The simplest path to getting Caddy running starts with Fedora’s official repository. Open your terminal and execute:

sudo dnf install caddy -y

Fedora’s package manager handles all dependencies automatically. The installation completes in moments, placing Caddy binaries and configuration files in their proper locations. This method integrates seamlessly with your system’s update mechanism—future security patches arrive automatically when you run regular system updates.

Verify the installation succeeded by checking the version:

caddy version

You should see output displaying the Caddy version number and build information. This confirms the binary installed correctly and is accessible from your PATH.

Configuring the Systemd Service

Fedora 43 uses systemd for service management, and the DNF package includes a pre-configured service file at /usr/lib/systemd/system/caddy.service.

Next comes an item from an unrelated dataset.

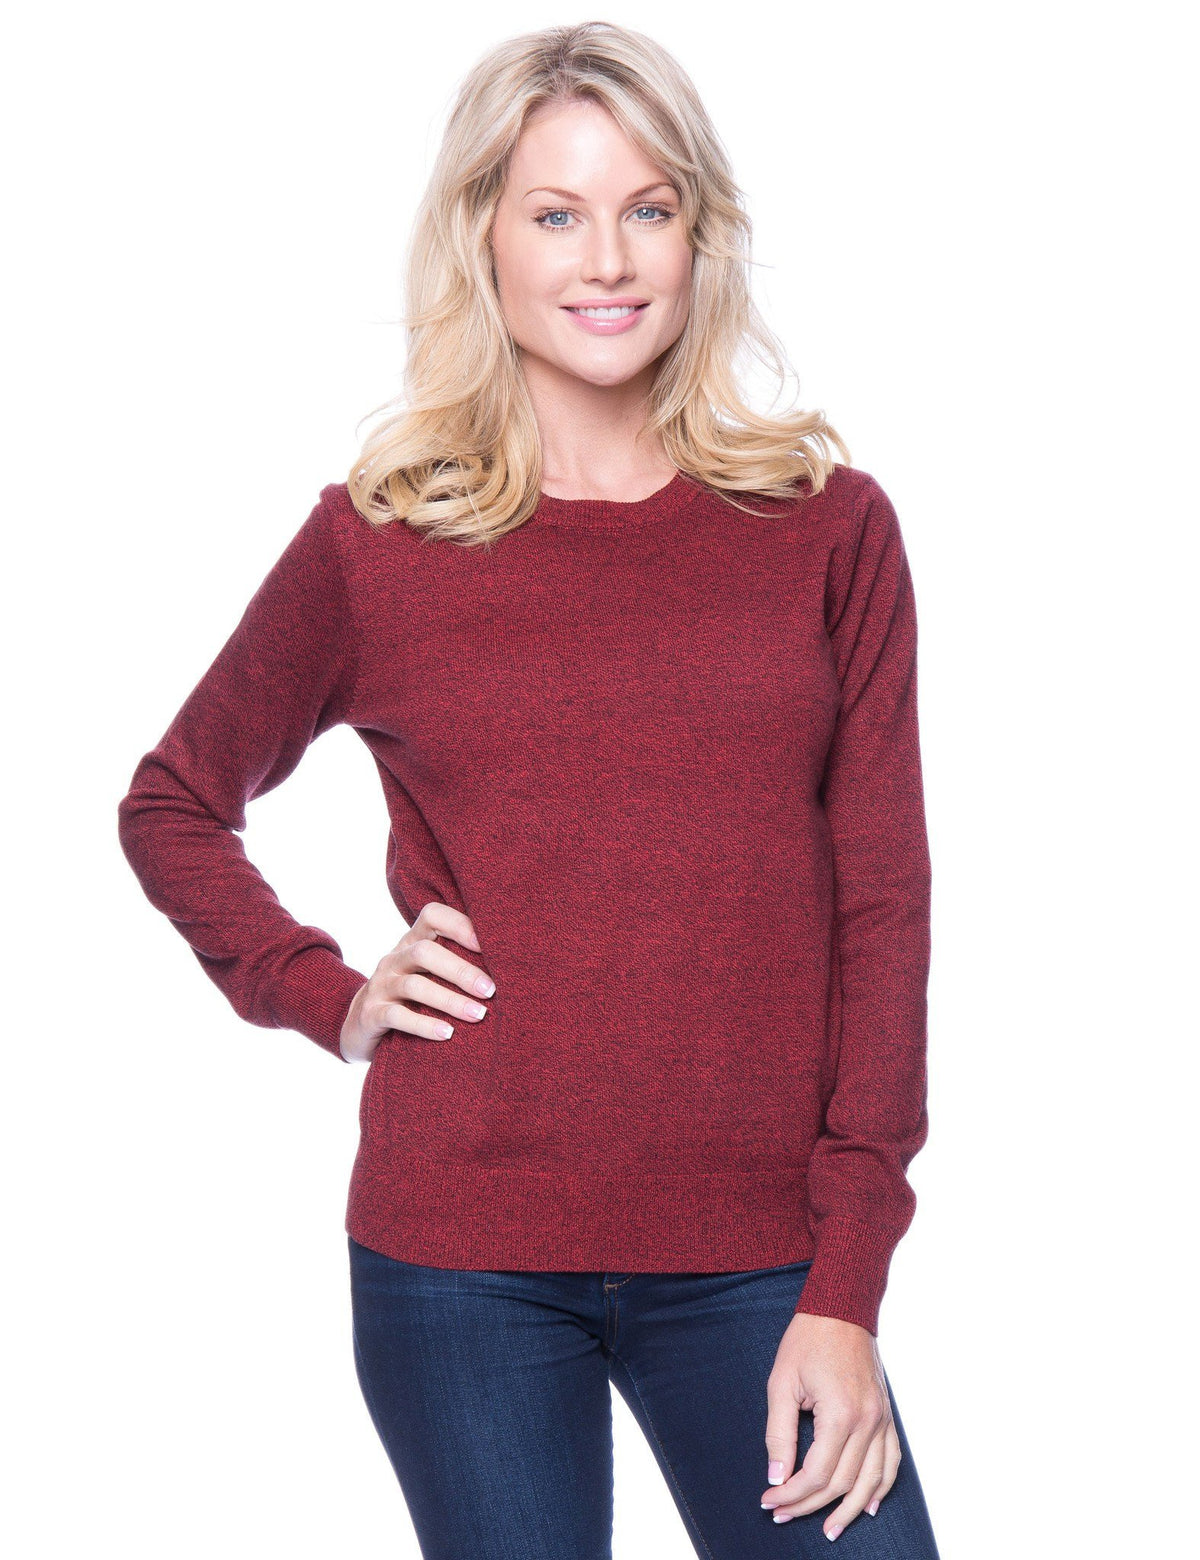 Women's Premium Cotton Crew Neck Sweater - Marl Red/Black
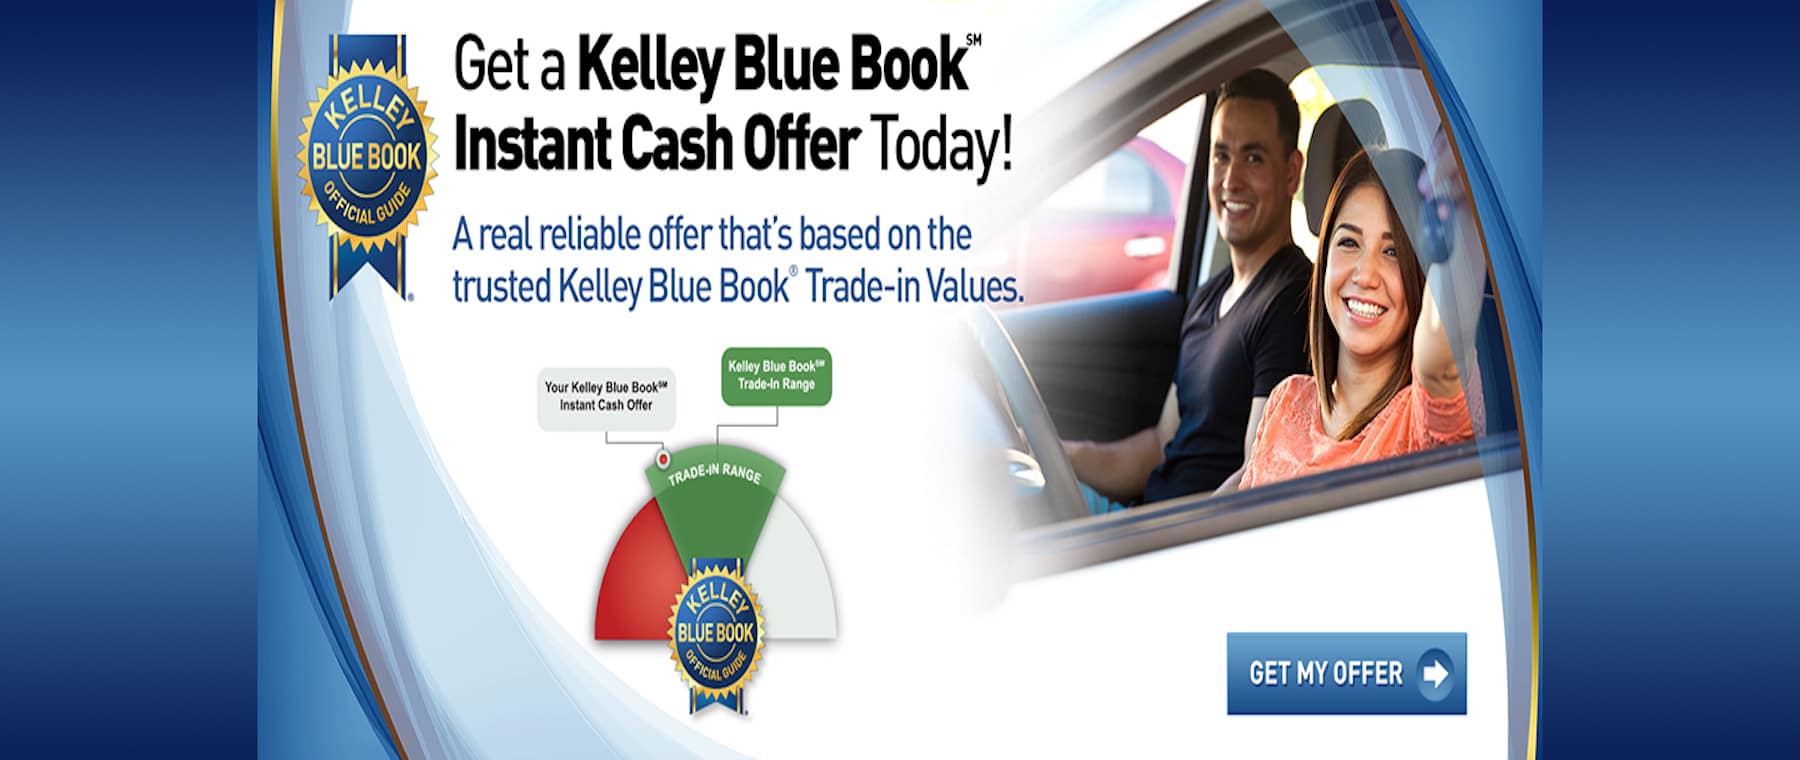 KBB Instant Cash Offer at LaFontaine Chevrolet of Dexter

Enable Caddy to start automatically on boot and launch it immediately with one command:

sudo systemctl enable caddy --now

Check the service status to ensure everything started properly:

systemctl status caddy

Look for “active (running)” in green text. This indicates Caddy is operational and listening for connections. The default configuration serves a simple welcome page.

Test your installation by opening a web browser and navigating to http://localhost or http://your-server-ip. You should see a welcome message confirming Caddy is serving requests.

Installing Caddy from COPR Repository

COPR repositories provide community-maintained packages, and the Caddy project maintains an official COPR repo with the latest releases. This approach delivers newer versions faster than the standard Fedora repositories while maintaining the convenience of package management.

First, enable the Caddy COPR repository:

sudo dnf copr enable @caddy/caddy

The system prompts you to confirm—type ‘y’ and press Enter. This adds the repository configuration to your system. Now install Caddy:

sudo dnf install caddy

If you already have Caddy installed from the Fedora repository, DNF upgrades it to the COPR version. Check your installed version with caddy version to confirm you’re running the latest release.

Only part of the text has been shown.